Input data:
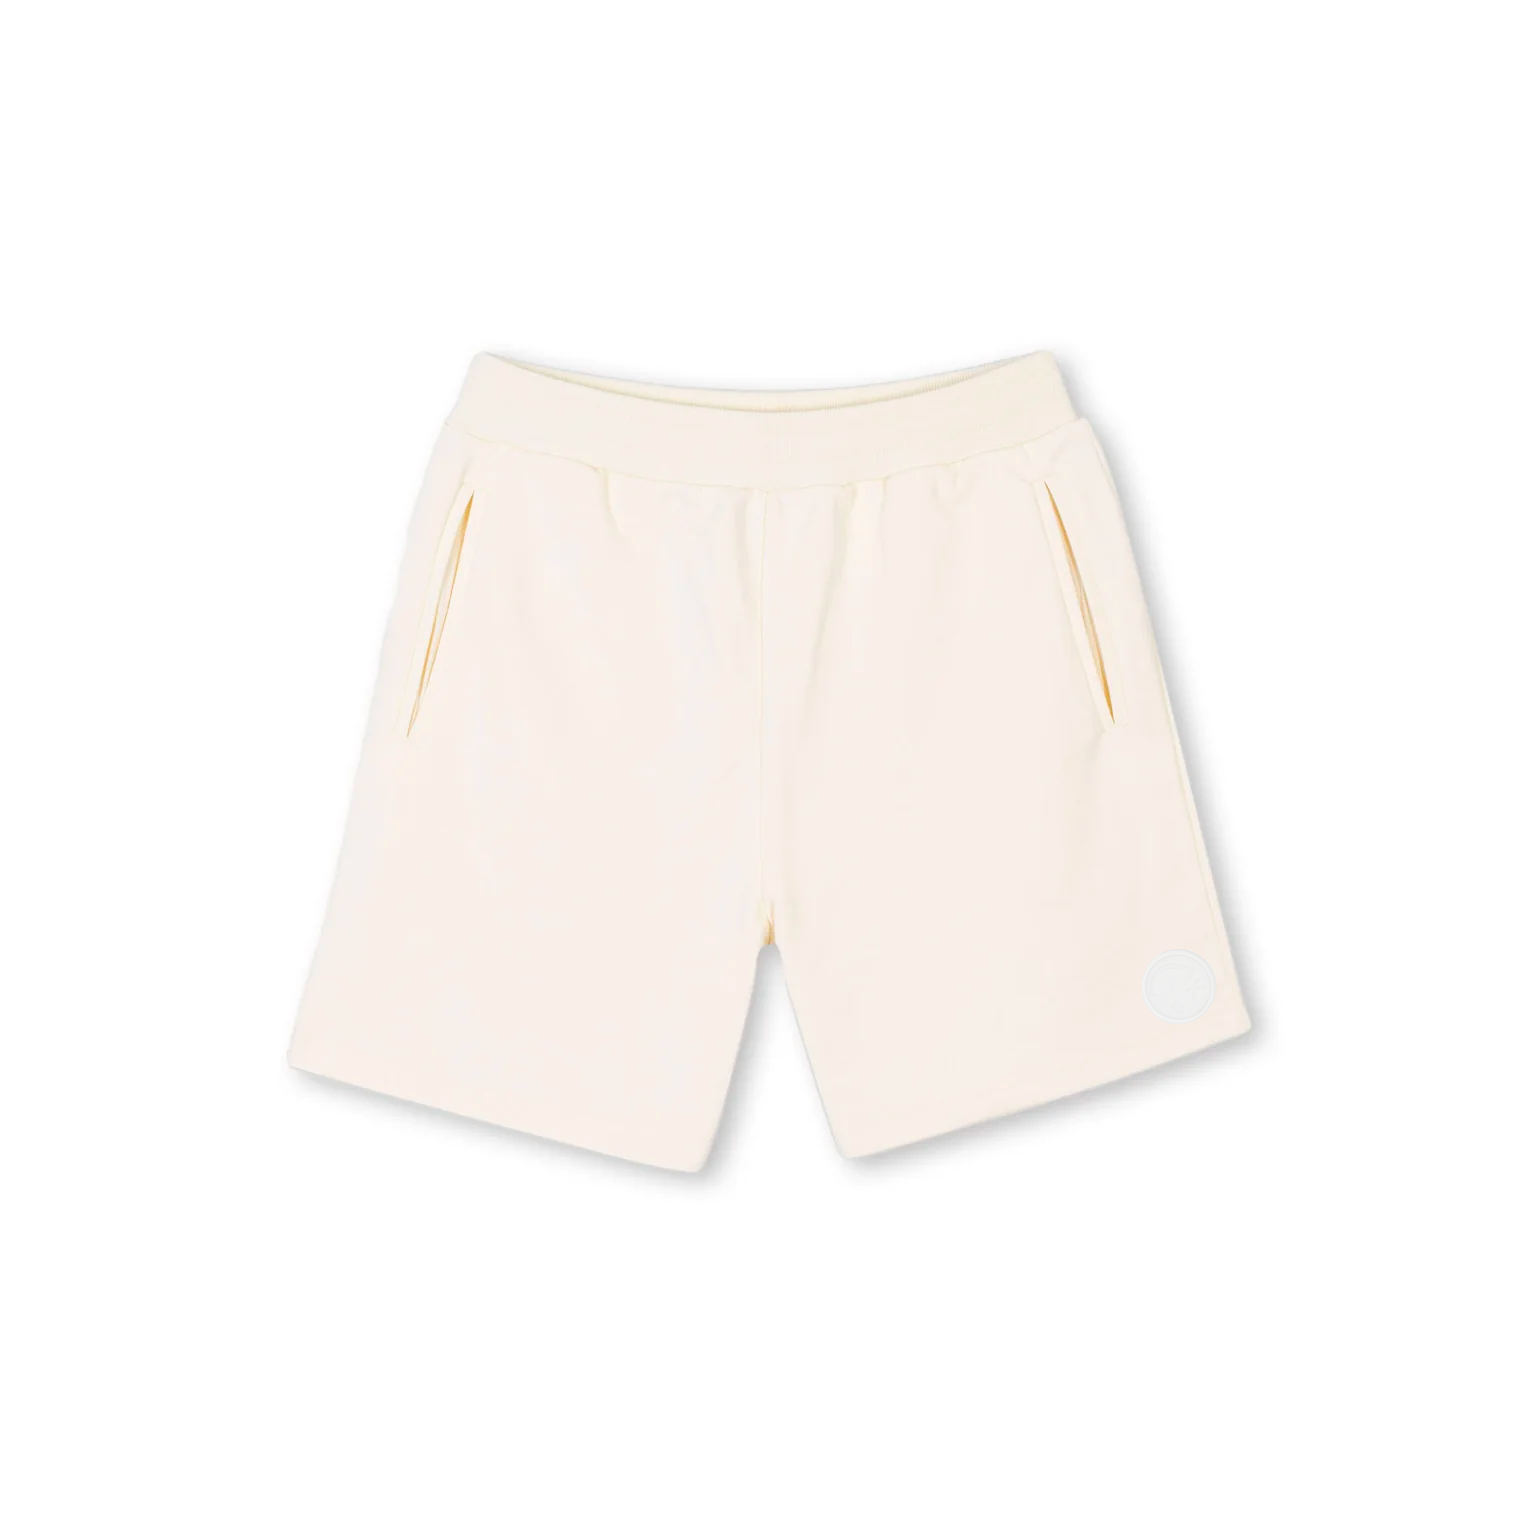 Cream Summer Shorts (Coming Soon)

---

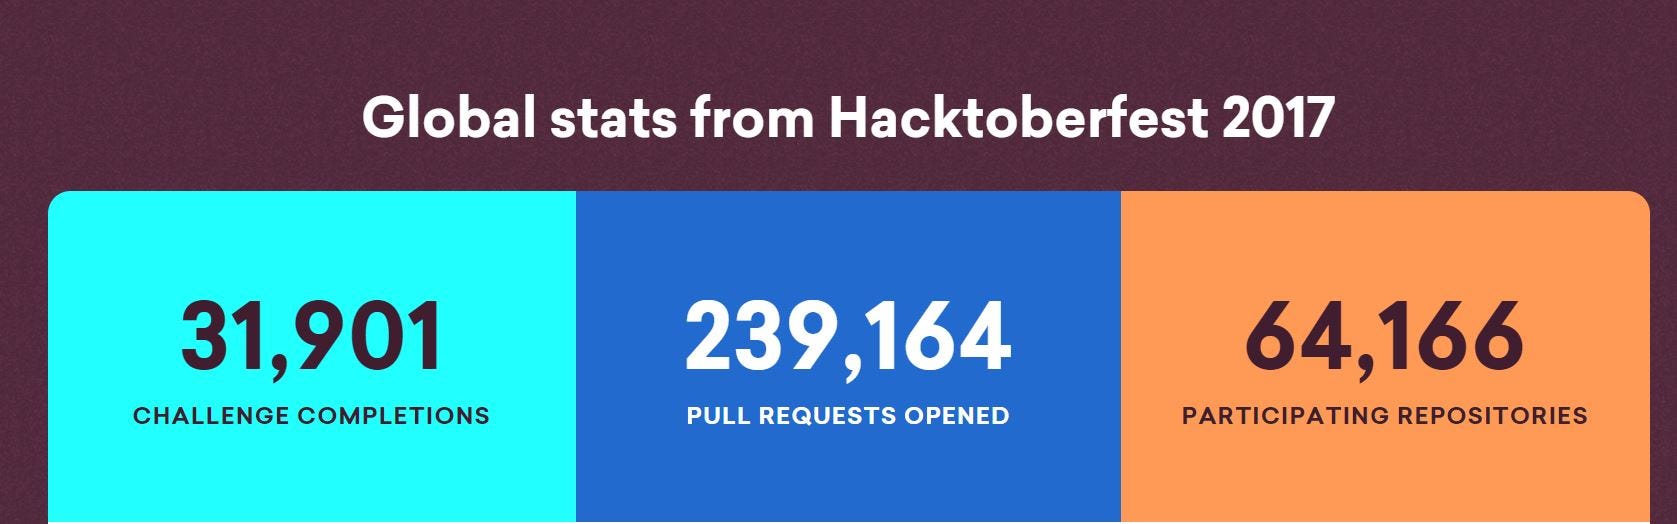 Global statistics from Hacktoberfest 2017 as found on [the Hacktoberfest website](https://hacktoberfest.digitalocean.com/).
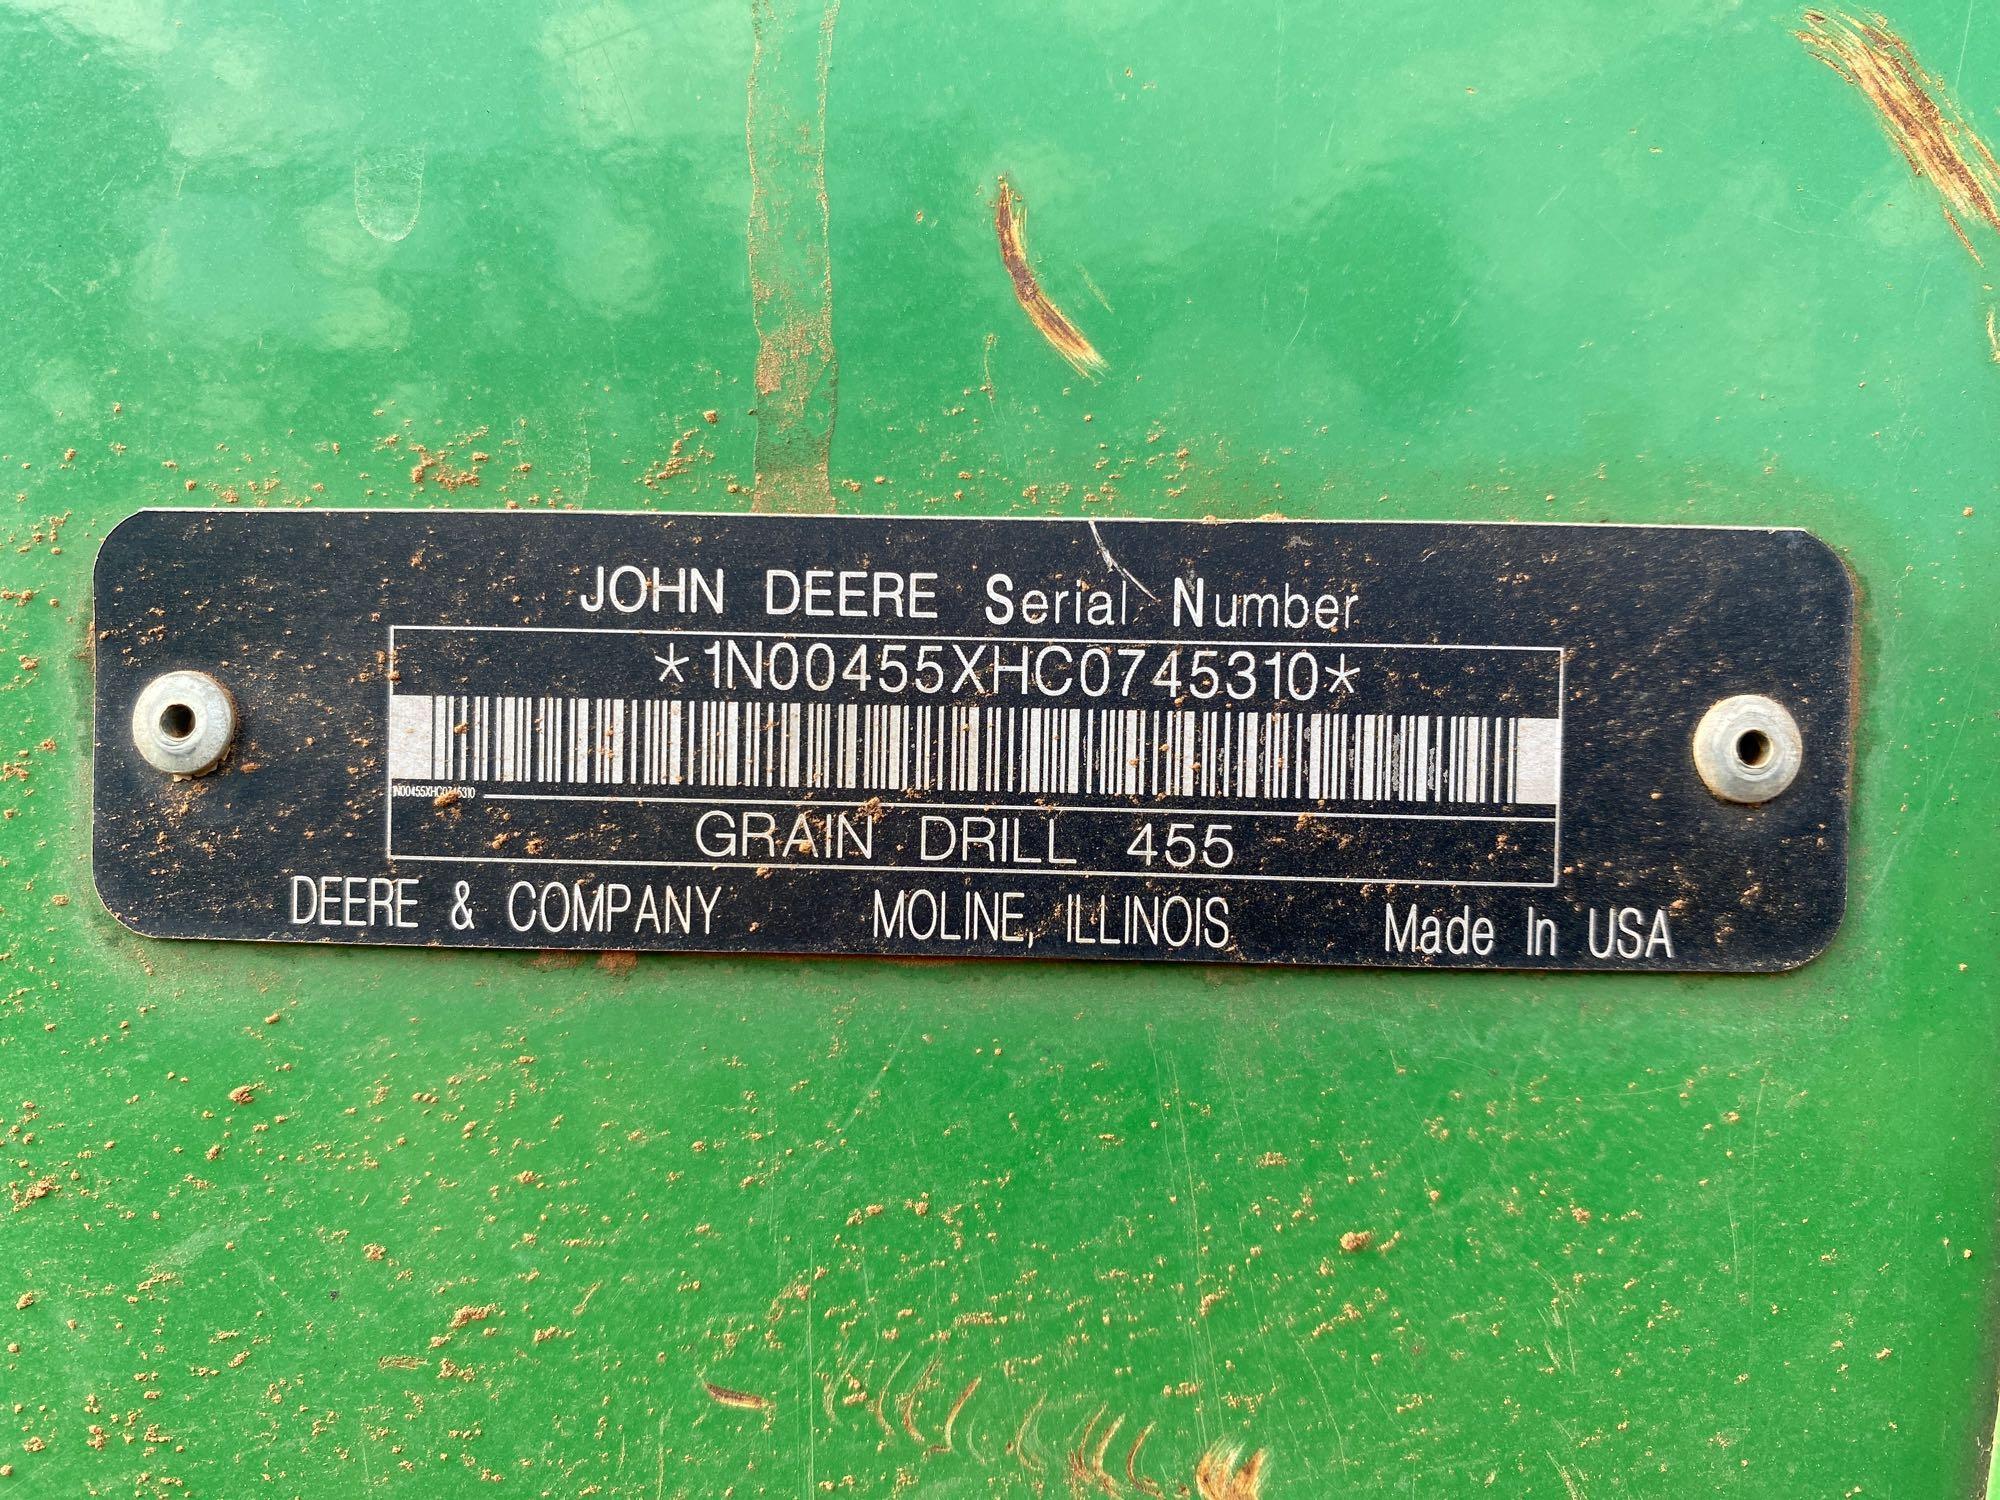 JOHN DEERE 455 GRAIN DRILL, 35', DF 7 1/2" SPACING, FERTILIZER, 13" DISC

What to do: Everything above from the line that has "Global statistics from" down to the line that has "JOHN DEERE 455" should be output exactly, with both of those lines included. Leave the pictures behind.

Your solution:
 Global statistics from Hacktoberfest 2017 as found on [the Hacktoberfest website](https://hacktoberfest.digitalocean.com/).
 JOHN DEERE 455 GRAIN DRILL, 35', DF 7 1/2" SPACING, FERTILIZER, 13" DISC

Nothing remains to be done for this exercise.